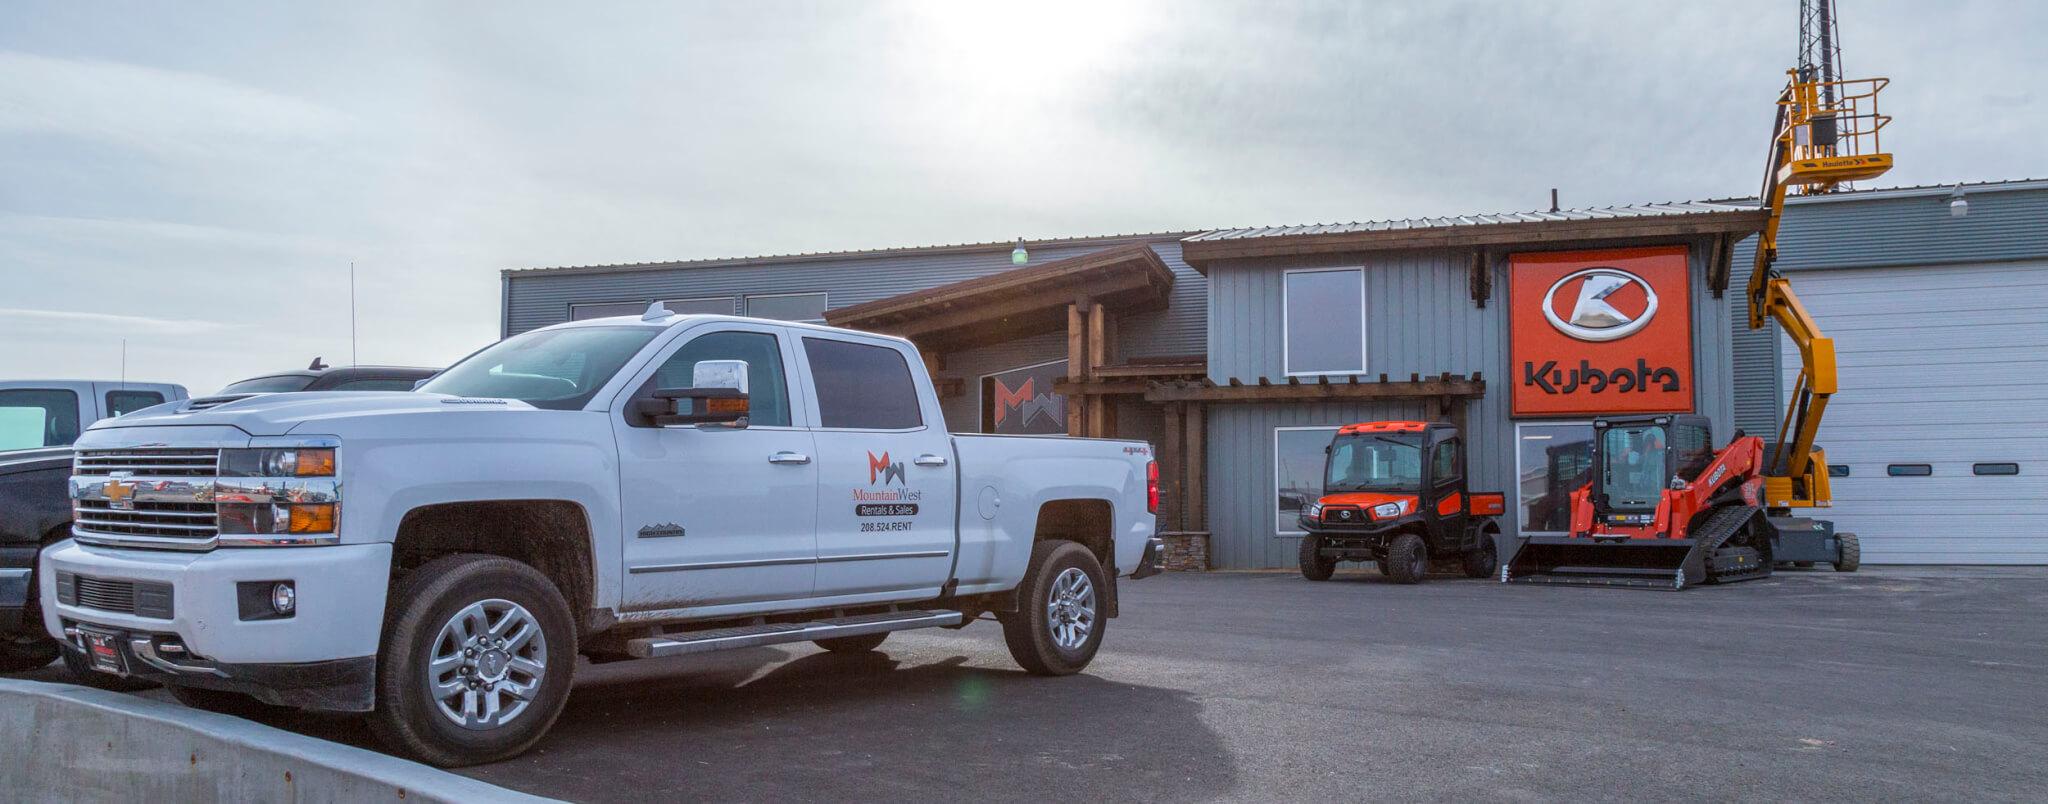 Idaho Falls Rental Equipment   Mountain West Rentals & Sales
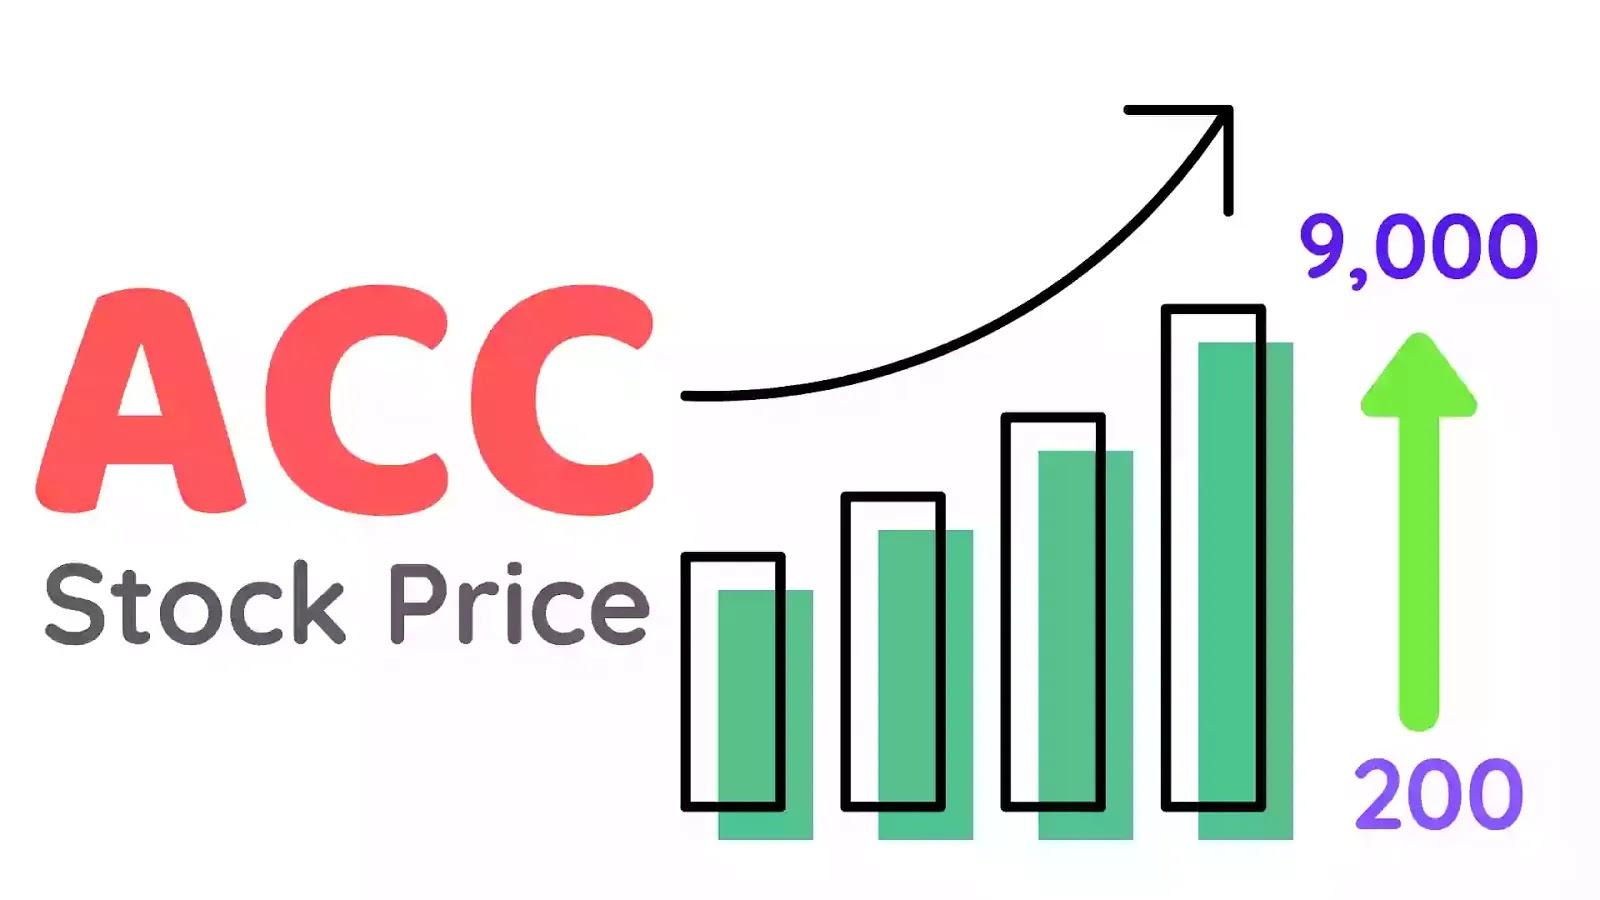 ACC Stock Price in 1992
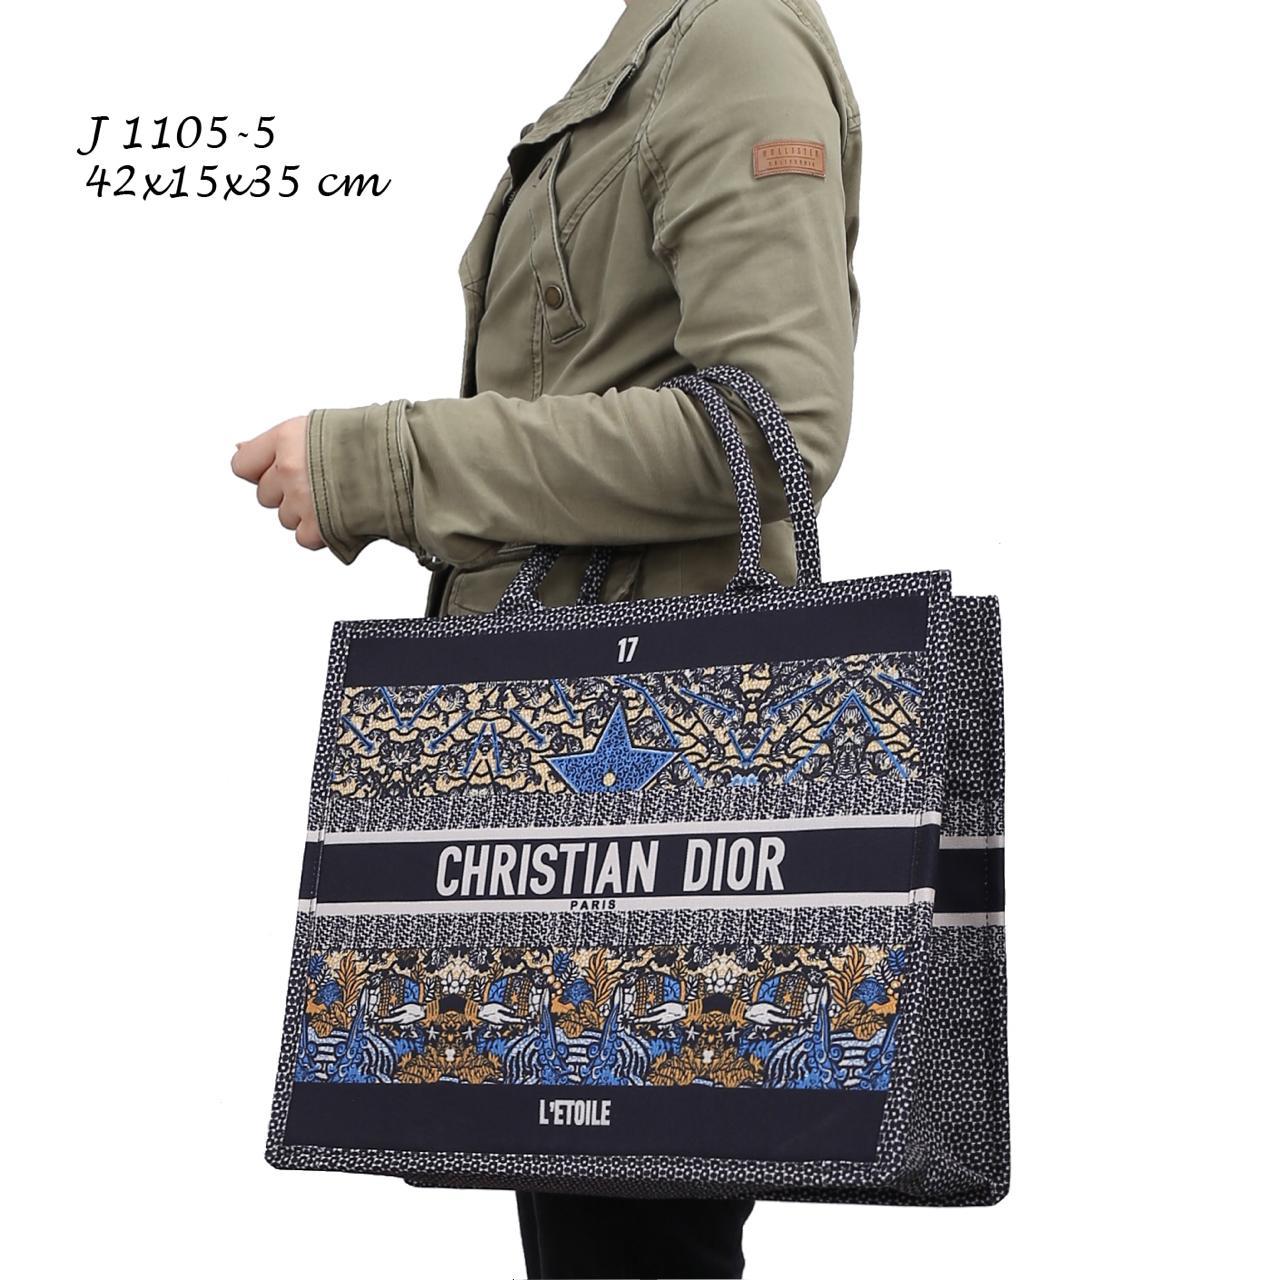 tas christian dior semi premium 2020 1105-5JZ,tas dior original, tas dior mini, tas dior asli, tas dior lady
_ _ _ _ _
■ How to complete this task
Would you restate word for word only the lines from the line with "ACC Stock Price in 1992" to the last line above, with the pictures left out?

■ Solution for this exercise
 ACC Stock Price in 1992
 tas christian dior semi premium 2020 1105-5JZ,tas dior original, tas dior mini, tas dior asli, tas dior lady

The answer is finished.